### Exercise requirements
All of the data should be output character for character, except the pictures.

### Provided material
- Opening Delimiter -
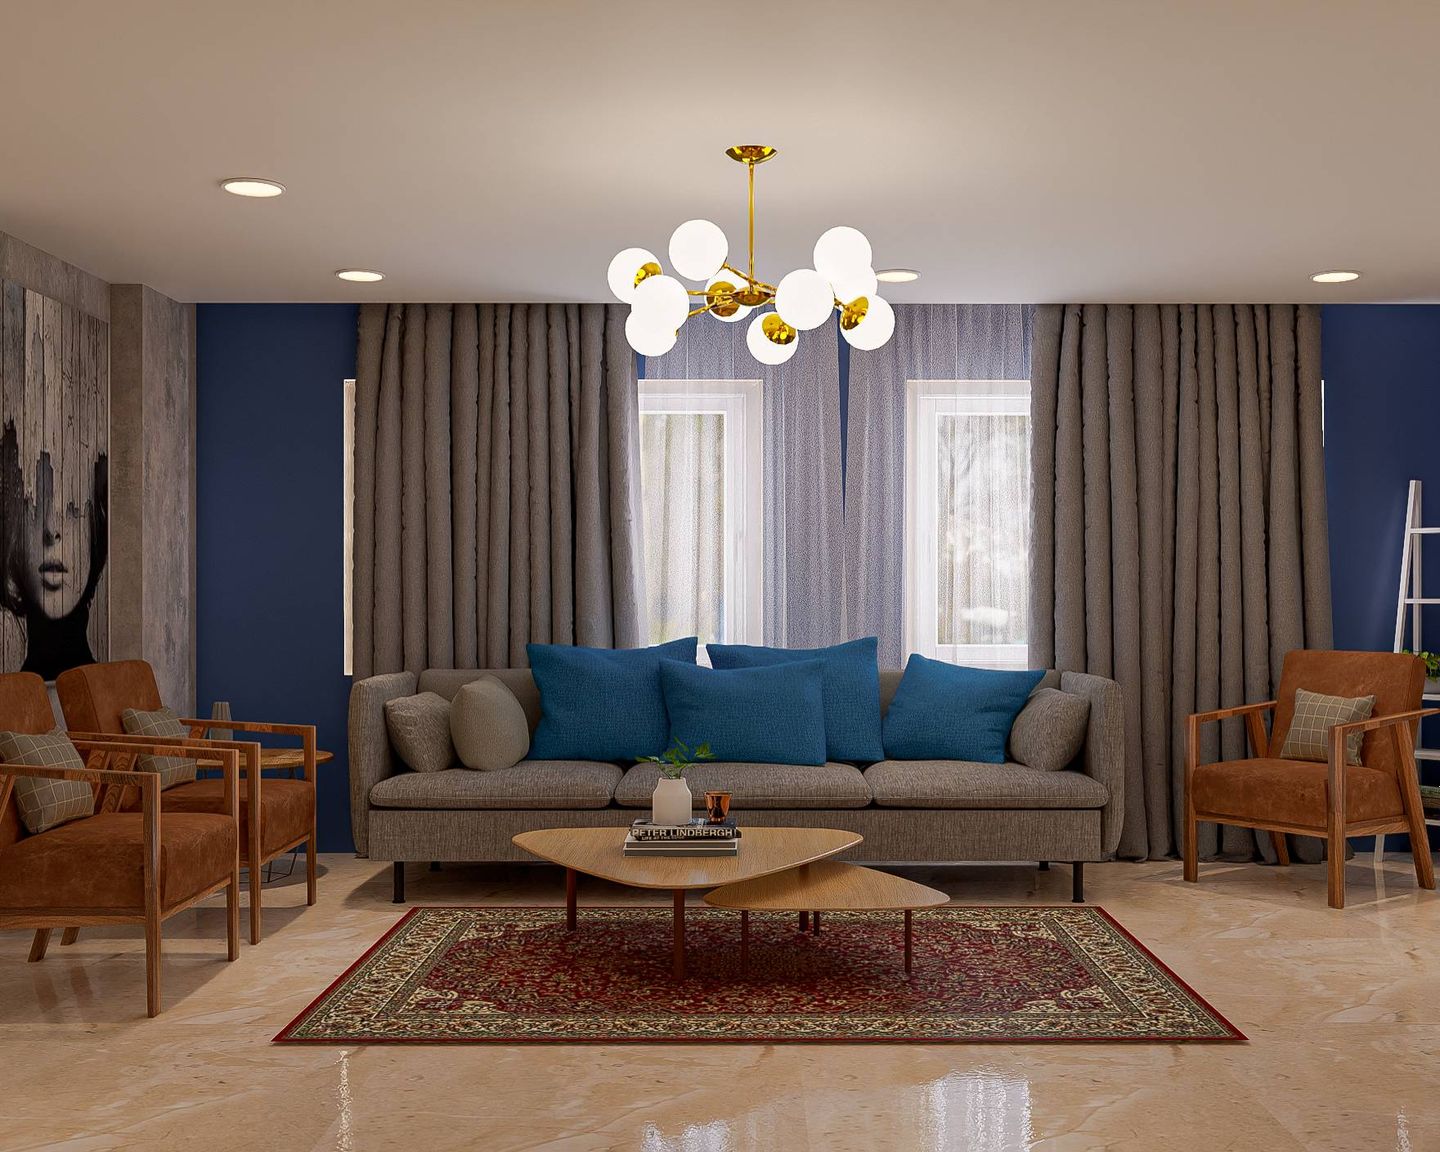 Modern Living Room Design With Chandelier
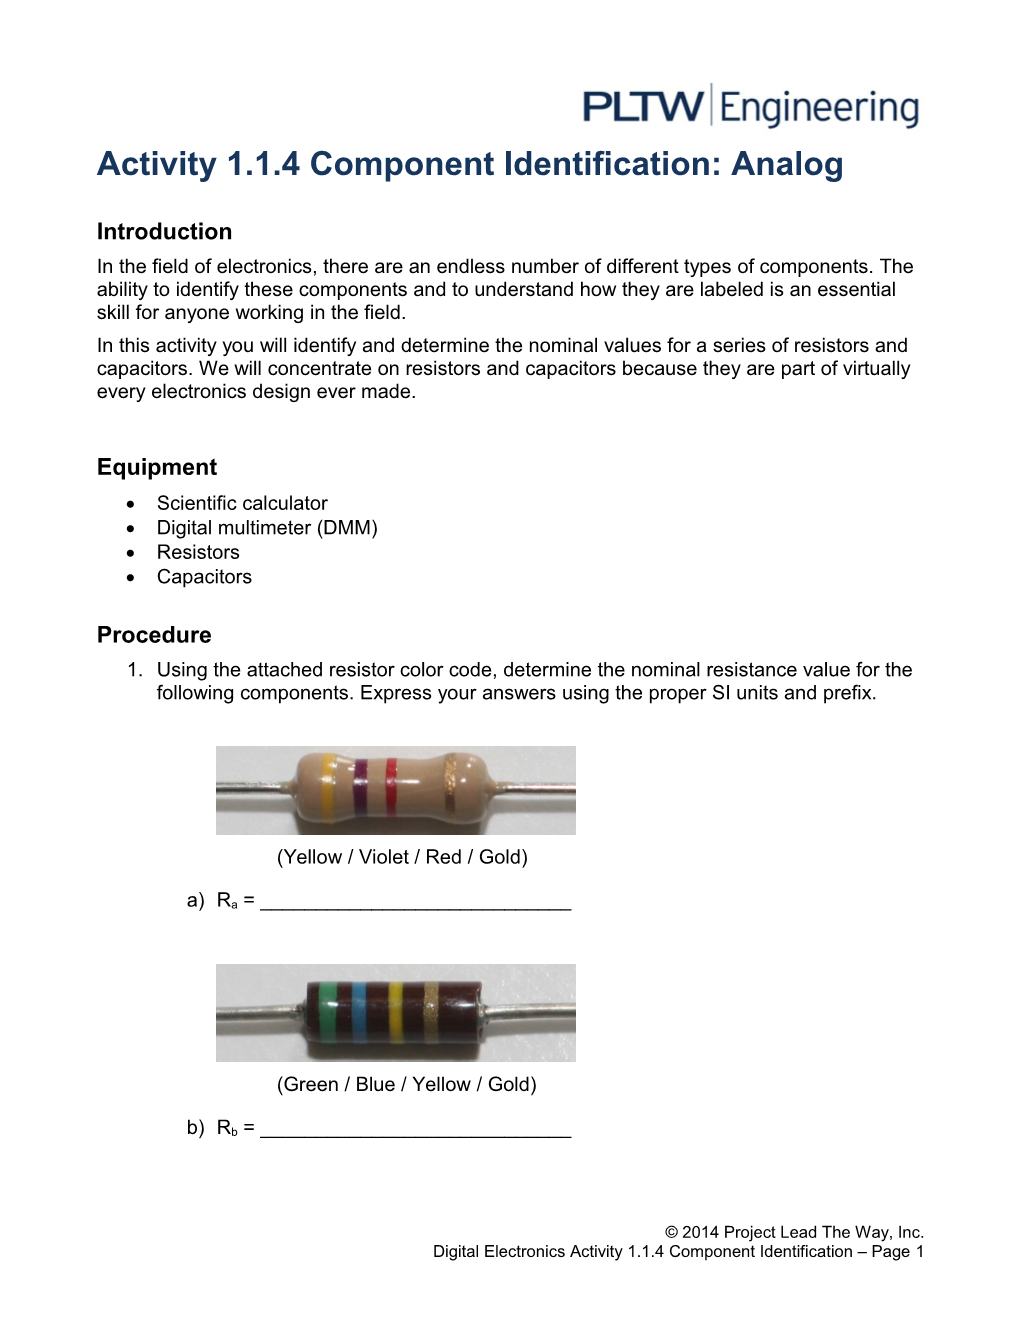 Activity 1.1.4 Component Identification: Analog
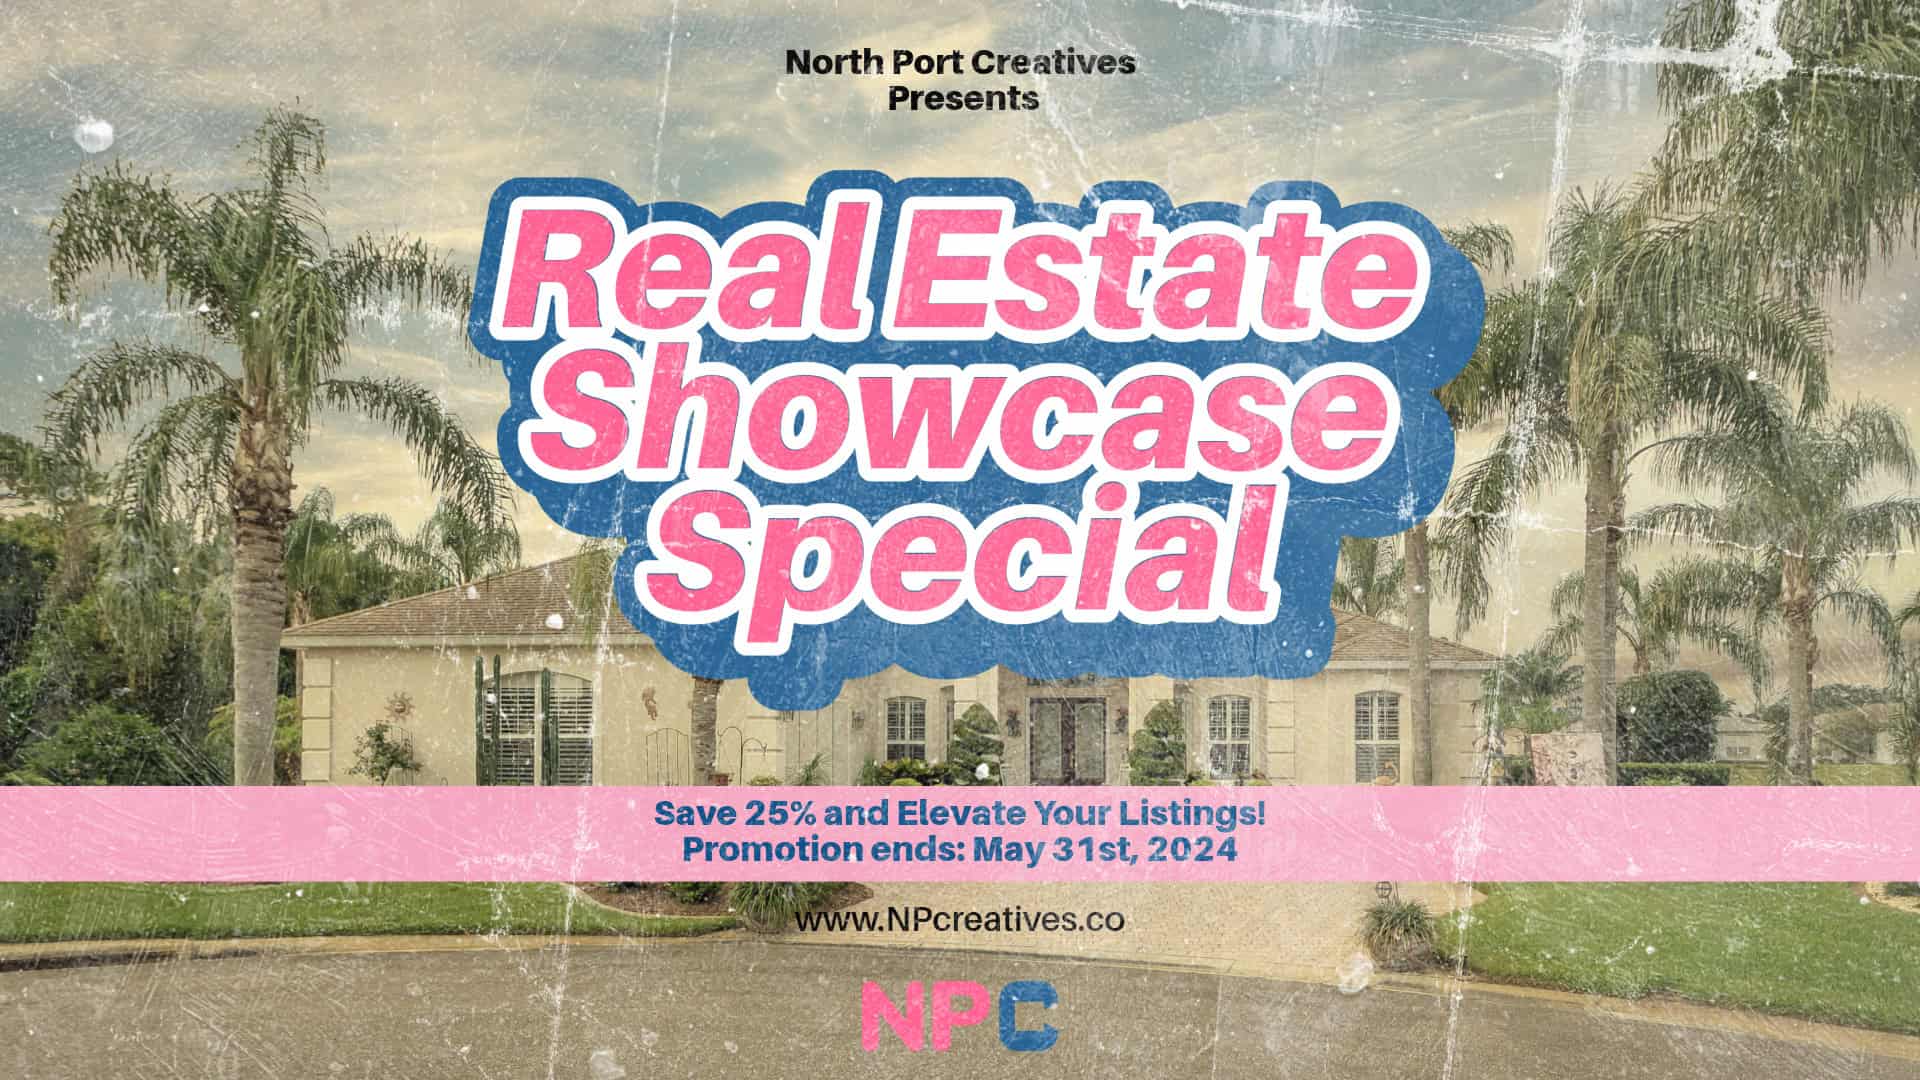 NPC’s Real Estate Showcase Special
- Closing Delimiter -
### Completed exercise
 Modern Living Room Design With Chandelier
 Activity 1.1.4 Component Identification: Analog
 NPC’s Real Estate Showcase Special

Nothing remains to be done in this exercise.